第4-3節述べたPAWDSをILDSに組み込むことはスケジュール的に無理があり、PAWDSが現実に使われるのはIWPSが実用化される時点と考えられている。

 

艦艇には、ビルジ油水、ブラック水及びグレー水といった船舶に共通の液体廃棄物以外に、艦艇に特有の幾つかの液体廃棄物が存在する。中でも、ESS−21の中で重要項目として取り上げられているものは、燃料バラスト補完システム(Compensated Fuel Ballast System: CFBS)からの排油水である。艦艇は、燃料タンクの占める割合が大きく、しかも常時喫水を一定にして復原性を保ち戦闘に備える必要上、CFBSが使用される。
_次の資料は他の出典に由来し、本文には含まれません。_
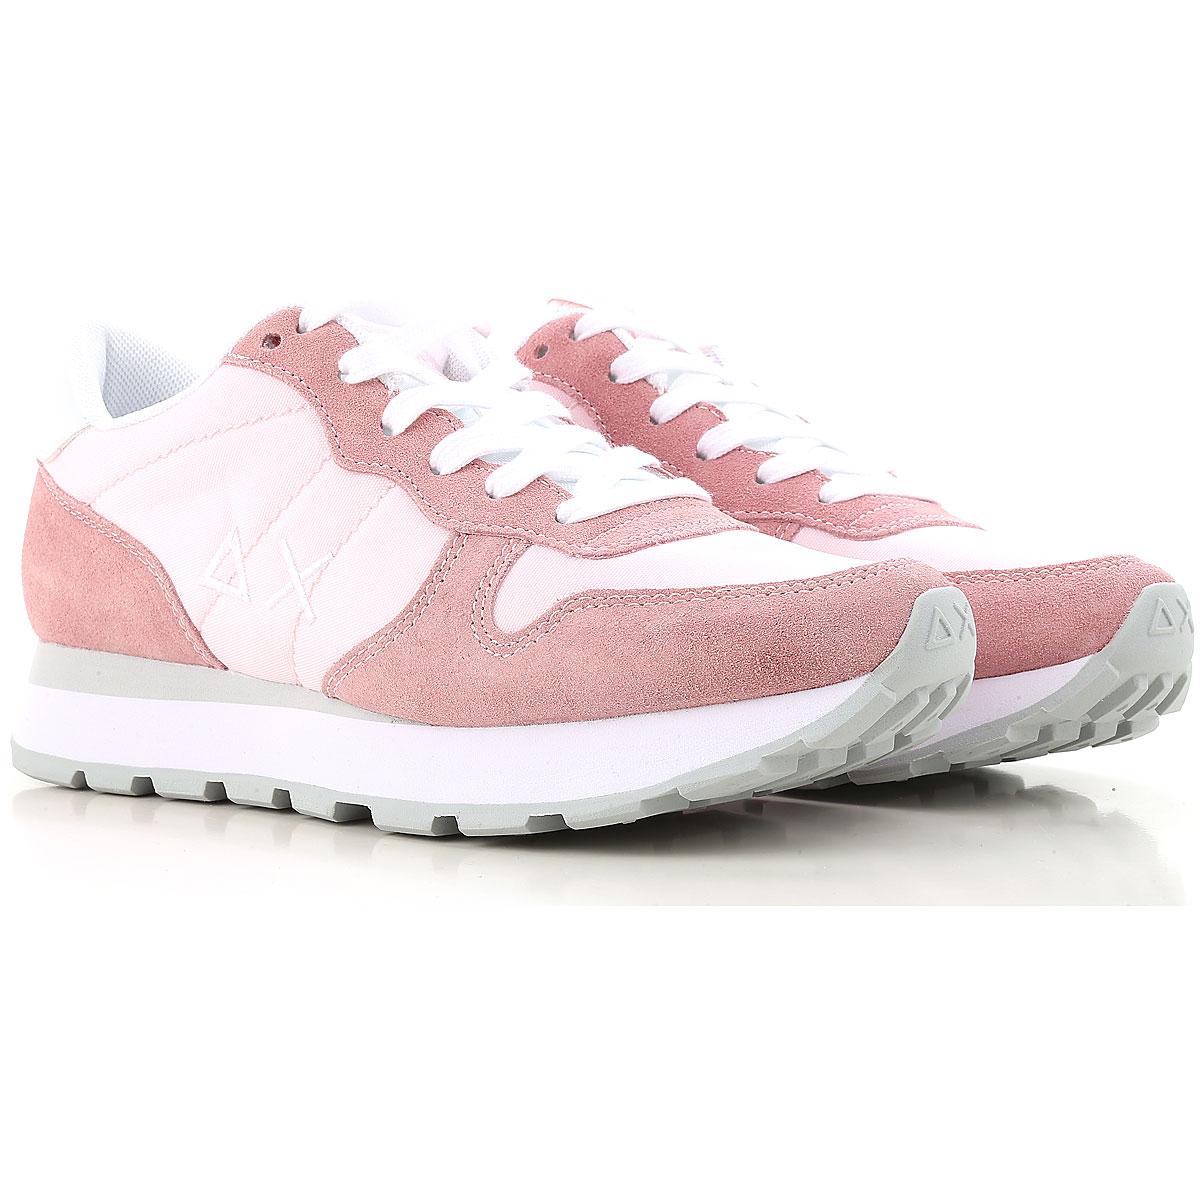 a0b390507d2 Chaussures Sun 68 roses femme Q2dn4m6 - sixty.messouvenirsphoto.fr

このシステムは、使った燃料の量だけバラスト水をタンクに入れ油水混在で常時満タンとするものであるが、艦艇の場合はタンクの大きさもまちまちでありタンク内の構造も複雑であるので、例えば油とバラスト水の境界面をゴム膜で仕切るというようなことは不可能であり、直接バラスト水を注入することになる。

 

艦艇のバラスト水注入や燃料補給は回数も多く、急速かつ波浪のある洋上で行われることが多いので、燃料とバラスト水の境界面は撹乱され、バラスト水排出時の油分濃度を15ppm以下に保つことはかなり難しい。